Introduction
The PCA, or Principal Component Analysis is used to find a lower dimensional subspace that best represents the data according to the squared-error criterion function defined as
$ J_0(\vec{x_0}) = \sum_{k=1}^{n}\| \vec{x_0} - \vec{x_k}\|^2 $
This method works by placing the basis of the new linear subspace in the directions that the data varies most, in other words, each dimension of the new space is selected in order to account for most of the variation of the data. The figure below illustrates this idea:
Another way to interpret this transformation is to say that the data points are projected in a new feature space where the new features are uncorrelated.
Computing the PCA
In order to compute the basis of the new subspace that best represents the data, the PCA diagonalizes the maximum likelihood estimate of the covariance matrix
$ C=\frac{1}{n} \sum_{i=1}^{n} \vec{x_i}\vec{x_i}^T $
by solving the eigenvalue equation
$ C\vec{e} = \lambda \vec{e} $
The solutions to these equations are eigenvalues $ \lambda_1 \geqslant \lambda_2 \geqslant \cdots \geqslant \lambda_k \geqslant \cdots \geqslant \lambda_m $. Often only $ k \leqslant m $ eigenvalues will have a nonzero value, meaning that the inherent dimensionality of the data is $ k $, being $ n-k $ dimensions noise in the data.
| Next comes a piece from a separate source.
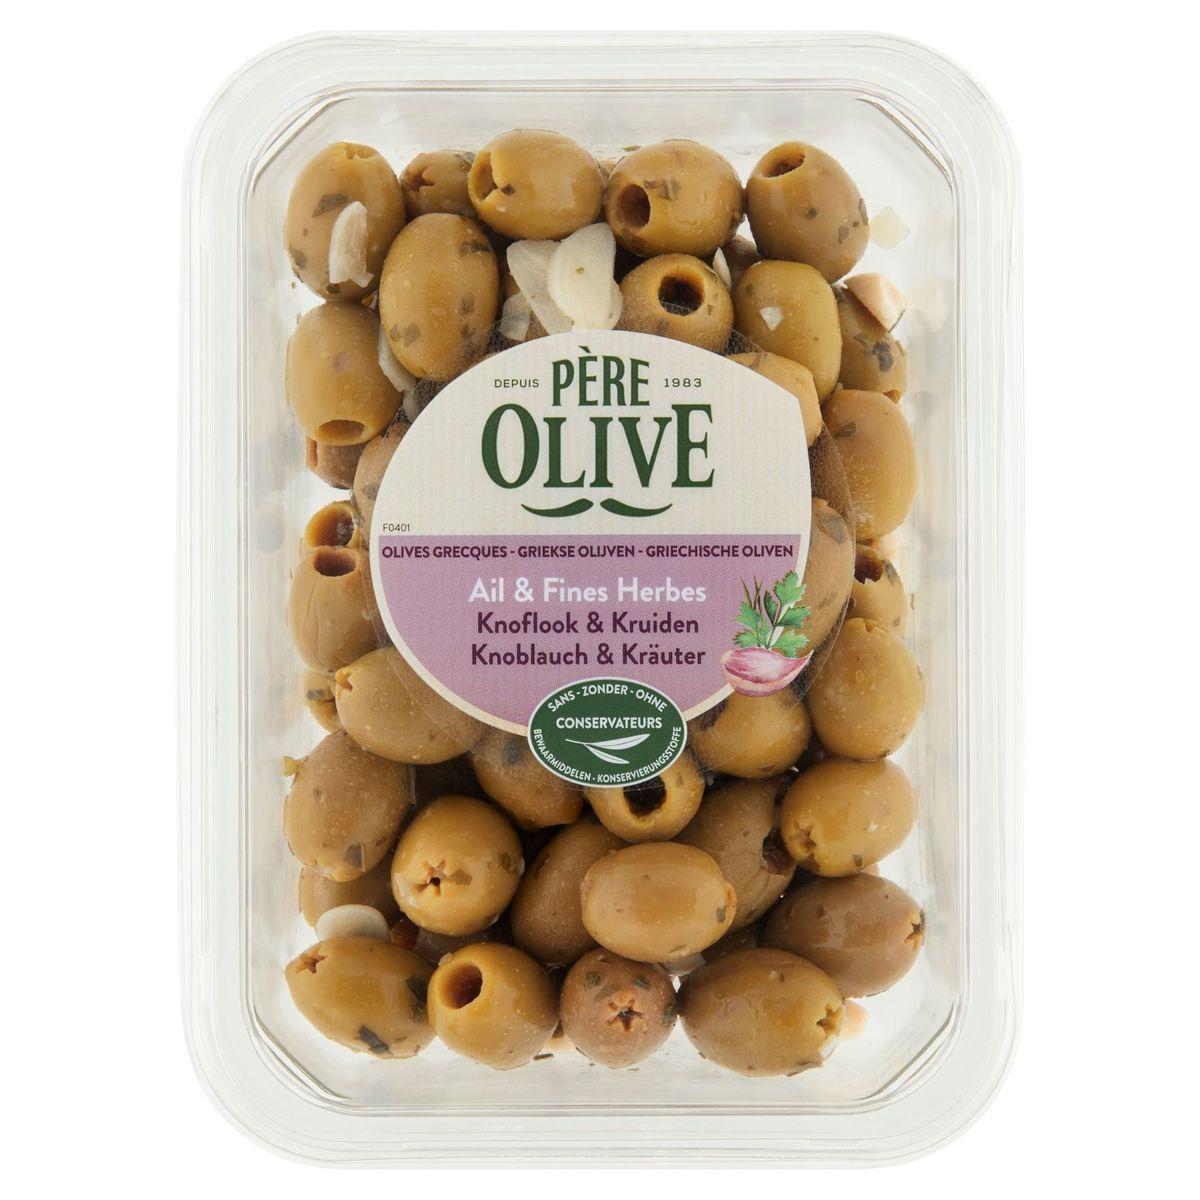 Père Olive Olives Grecques Ail & Fines Herbes 400 g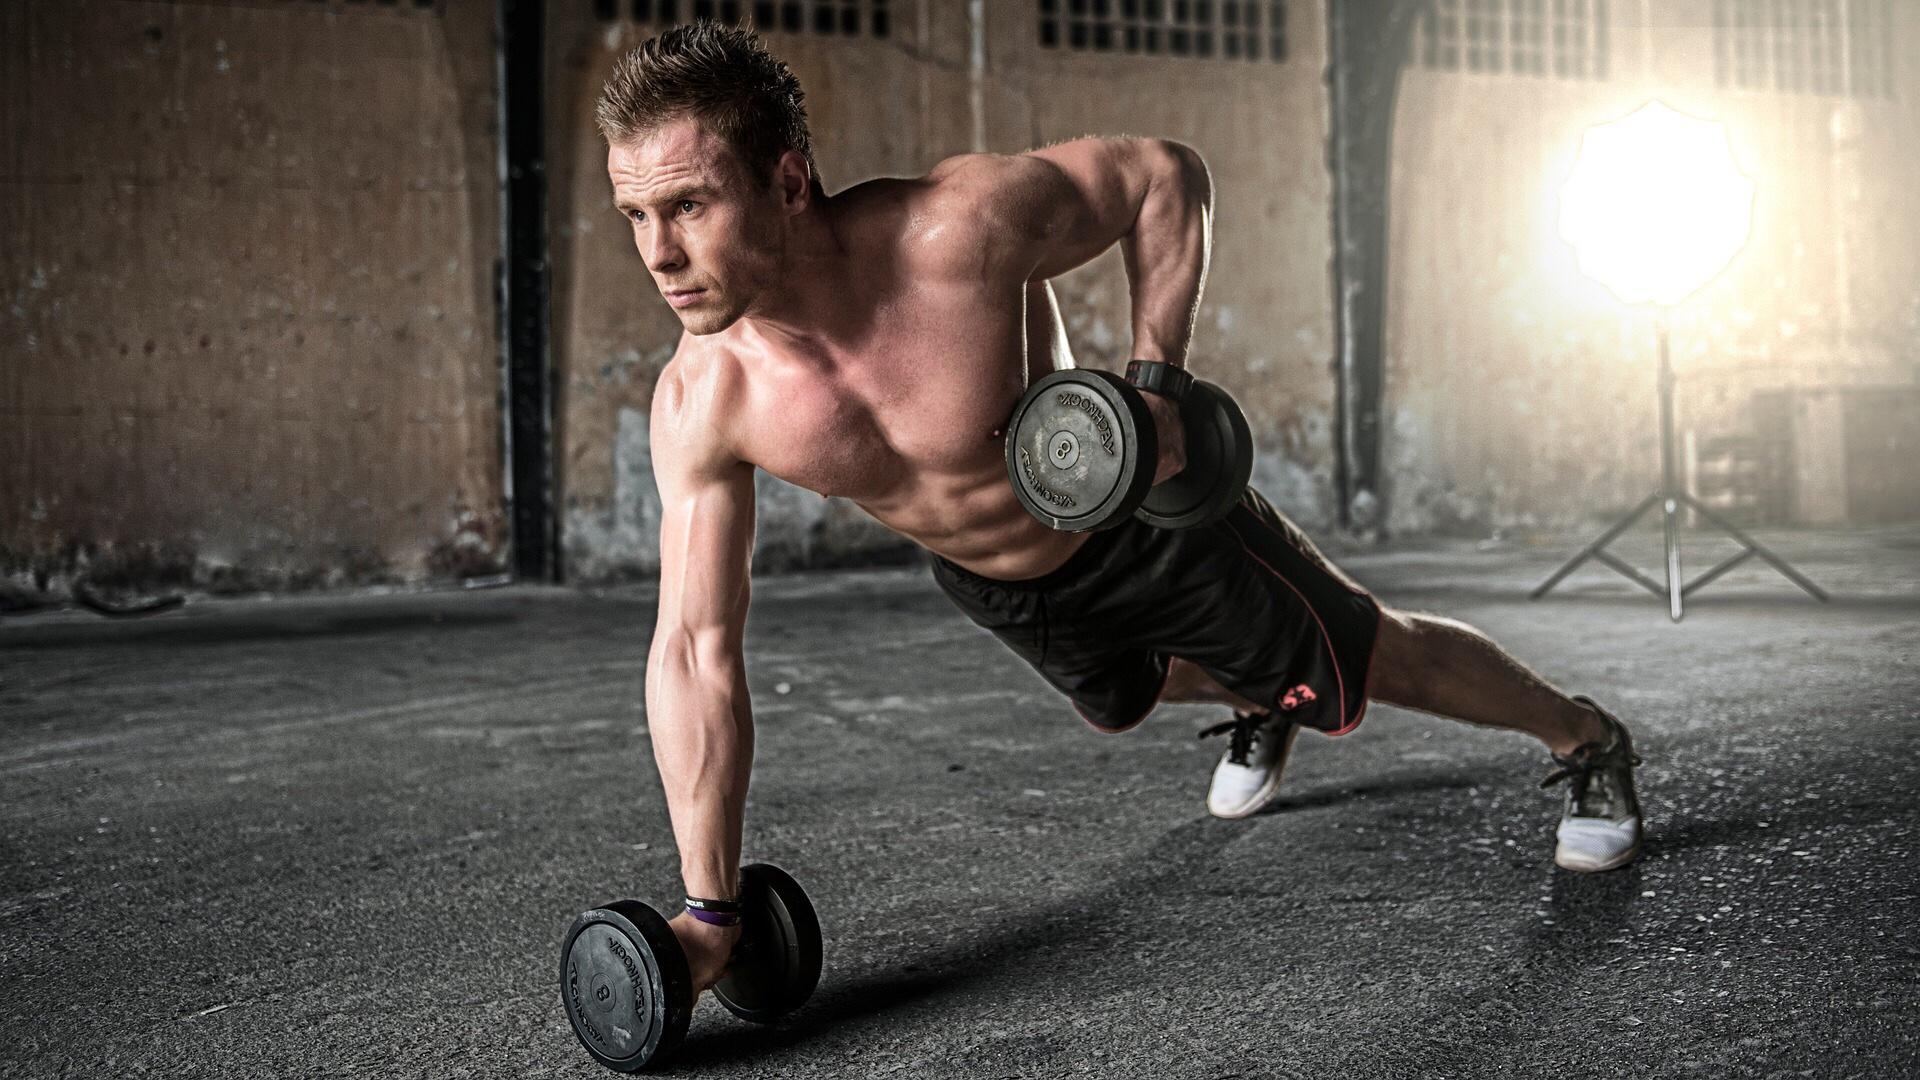 コアトレーニングでは持久的に鍛えるだけでなく「瞬発的」に鍛えるべき #63

In order to represent the data in the k dimensional space we first construct the matrix $ E=[\vec{e_1} \vec{e_2} \cdots \vec{e_k}] $. The projection to the new k-dimensional subspace is done by the following linear transformation:
$ \vec{x}^{'} = E^T\vec{x} $
Dimensionality Reduction
By selecting the eigenvectors corresponding to the k largest eigenvalues from the eigenvalue equation, we project the data in a k- dimensional subspace that best represents the data variability in each dimension. In some datasets, many of the eigenvalues $ \lambda_i $ will be zero. This means that the intrinsic dimensionality of the data is smaller than the dimensionality of the input samples.
Limitations
Nonlinear data embedding: The PCA method finds a low-dimensional subspace and embeds the data points in that subspace in a way that best preserves the variance of the input space (original high-dimensional space). If the input data points are embedded in nonlinear structures (nonlinear manifolds), those structures would not be visible to the PCA, and the method will fail in detecting the data's true degrees of freedom. Methods that explore nonlinear manifolds should be used in those situations. These methods include Isomap, Laplacian Eigenmaps, LLE, among others.
Computational Efficiency: The solution to the eigensystem stated above may incur in large computational cost, for high dimensional data, since the cost of the eigendecomposition is $ O(m^3) $. This may be prohibitive for many applications. The solutions to the complexity problem are based on the observation that only the eigenvectors corresponding to the largest k eigenvalues are of practical interest. Therefore, numerical approximations to the desirable k eigenvectors without performing the whole eigendecomposition of a mxm matrix are of extreme importance. Several methods have been proposed to overcome the high computational cost problem. Very common ones are the ones based on the Nystrom Method.
References
- Wikipedia[1]
- "Pattern Classification" by Duda, Hart, and Stork_Old Kiwi
- "Approximating a Gram Matrix for Improved Kernel-Based Learning, P. Drineas and M. Mahoney in Proceedings of the 18th Annual Conference on Learning Theory, 2005.